Llama 3.1 8B - Structured API Generation (LoRA Adapter)
Fine-tuned adapter for generating structured JSON API calls from natural language queries
This LoRA adapter demonstrates that context-engineered small models can outperform generic large models on structured tasks: 40% vs 20.5% exact match compared to GPT-4 class baseline on our evaluation set.
Model Overview
This is a LoRA adapter fine-tuned on unsloth/llama-3.1-8b-instruct-bnb-4bit for structured API generation. The model takes natural language queries and tool specifications as input, and generates JSON objects with query, tool_name, and arguments fields.
Context Engineering Approach: Instead of relying on a massive generic model, we teach a small 8B model to understand and maintain structured output constraints through domain-specific fine-tuning. This demonstrates the power of task-specific context engineering over general-purpose scale.
Key Performance Metrics
| Metric | Our Model | Azure GPT-4o | Improvement |
|---|---|---|---|
| Exact Match Accuracy | 40.0% (20/50) | 20.5% (10/50) | +95% |
| Tool Name Accuracy | 98.0% (49/50) | ~90% | +8.9% |
| Arguments Partial Match | 76.0% | 60.2% | +26% |
| JSON Validity | 100% (50/50) | 100% | - |
| Model Size | 8B params | ~120B params | 15x smaller |
| Training Time | 4m 52s | N/A | - |
Baseline Details: Azure GPT-4o (GPT-4 Optimized, ~120B parameters) evaluated on the same 50 test examples with temperature=0.7, using standard chat completion API with JSON schema enforcement.
Quick Start
Installation
pip install torch transformers peft bitsandbytes accelerate
Usage
import torch
from transformers import AutoModelForCausalLM, AutoTokenizer
from peft import PeftModel
# Load base model and adapter
base_model = "unsloth/llama-3.1-8b-instruct-bnb-4bit"

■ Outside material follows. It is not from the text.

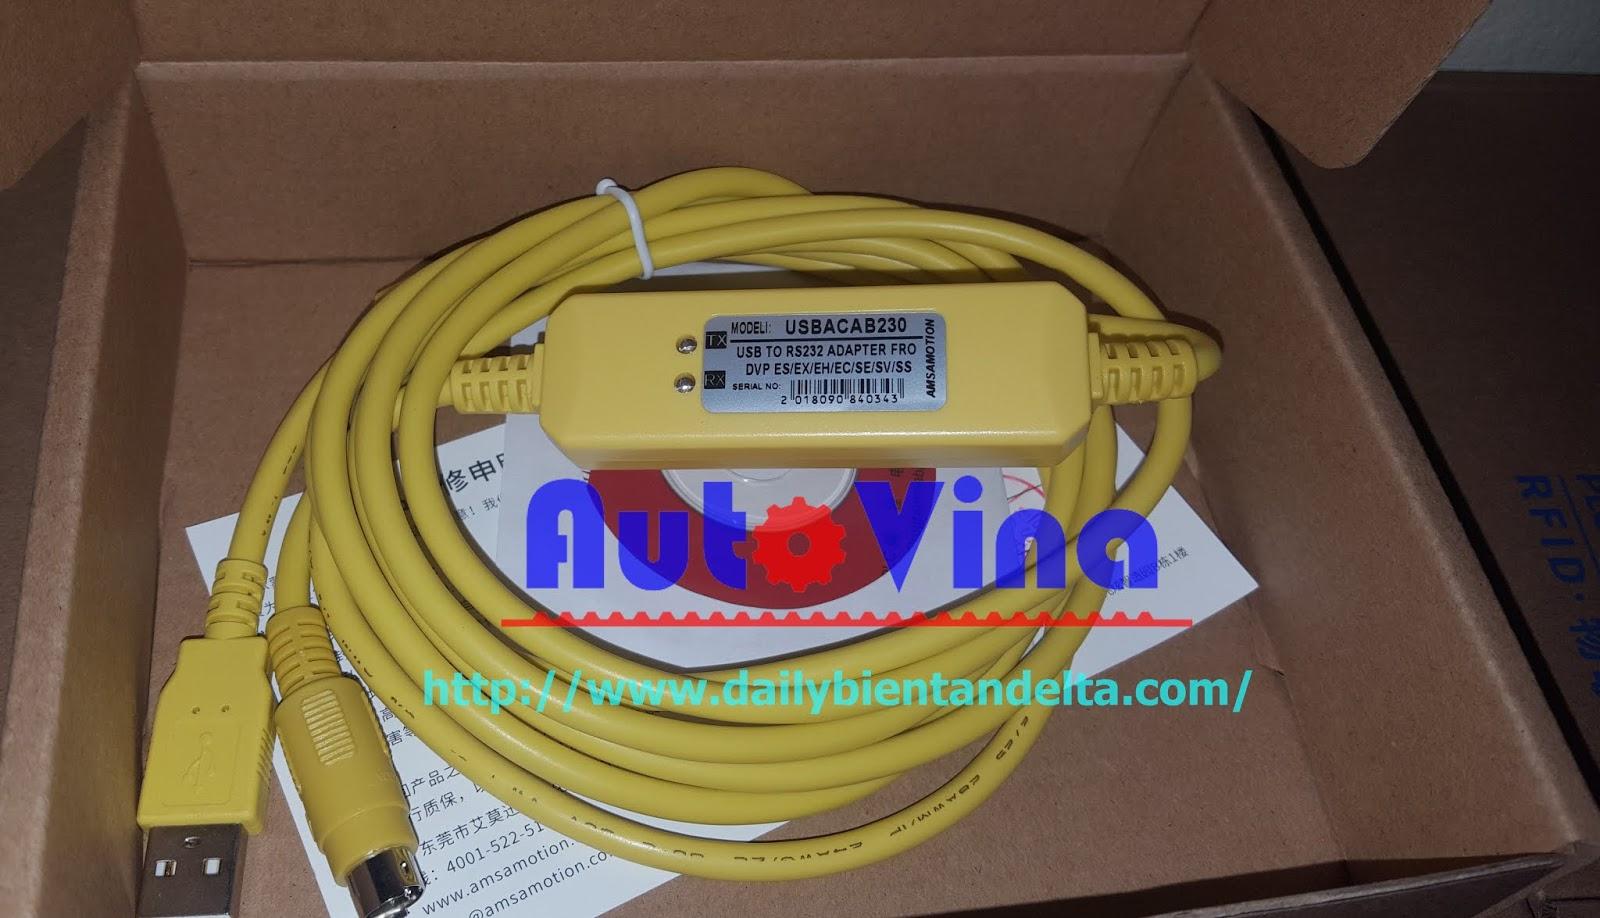 Cable lập trình PLC Delta USBACAB2A30, cable nạp chương trình PLC Delta RS232

adapter_path = "kineticdrive/llama-structured-api-adapter"
model = AutoModelForCausalLM.from_pretrained(
base_model,
device_map="auto",
torch_dtype=torch.bfloat16,
load_in_4bit=True
)
model = PeftModel.from_pretrained(model, adapter_path)
model.eval()
tokenizer = AutoTokenizer.from_pretrained(base_model)
# Generate API call
prompt = """Return a JSON object with keys query, tool_name, arguments describing the API call.
Query: Fetch the first 100 countries in ascending order.
Chosen tool: getallcountry
Arguments should mirror the assistant's recommendation."""
messages = [{"role": "user", "content": prompt}]
inputs = tokenizer.apply_chat_template(
messages,
return_tensors="pt",
add_generation_prompt=True
).to(model.device)
with torch.no_grad():
outputs = model.generate(
inputs,
max_new_tokens=256,
temperature=0.0,
do_sample=False,
pad_token_id=tokenizer.pad_token_id
)
result = tokenizer.decode(outputs[0][inputs.shape[-1]:], skip_special_tokens=True)
print(result)
Output:
{
"arguments": {"limit": 100, "order": "asc"},
"query": "Fetch the first 100 countries in ascending order.",
"tool_name": "getallcountry"
}
Training Details
Dataset
โ ๏ธ Note: This is a proof-of-concept with a small, domain-specific dataset:
- Training: 300 examples (~6 examples per tool on average)
- Validation: 60 examples
- Test: 50 examples (held-out from training)
- Domains: API calls, math functions, data processing, web services
- Tool Coverage: 50+ unique functions
Why this works: The base Llama 3.1 8B Instruct model already has strong reasoning and JSON generation capabilities. We're teaching it task-specific structure preservation, not training from scratch. With ~6 examples per tool, the model learns to maintain the structured format while generalizing across similar API patterns.
Training Hyperparameters
LoRA Configuration:
r: 32 # Low-rank dimension
alpha: 64 # LoRA scaling factor
dropout: 0.1
target_modules: [q_proj, k_proj, v_proj, o_proj, gate_proj, up_proj, down_proj]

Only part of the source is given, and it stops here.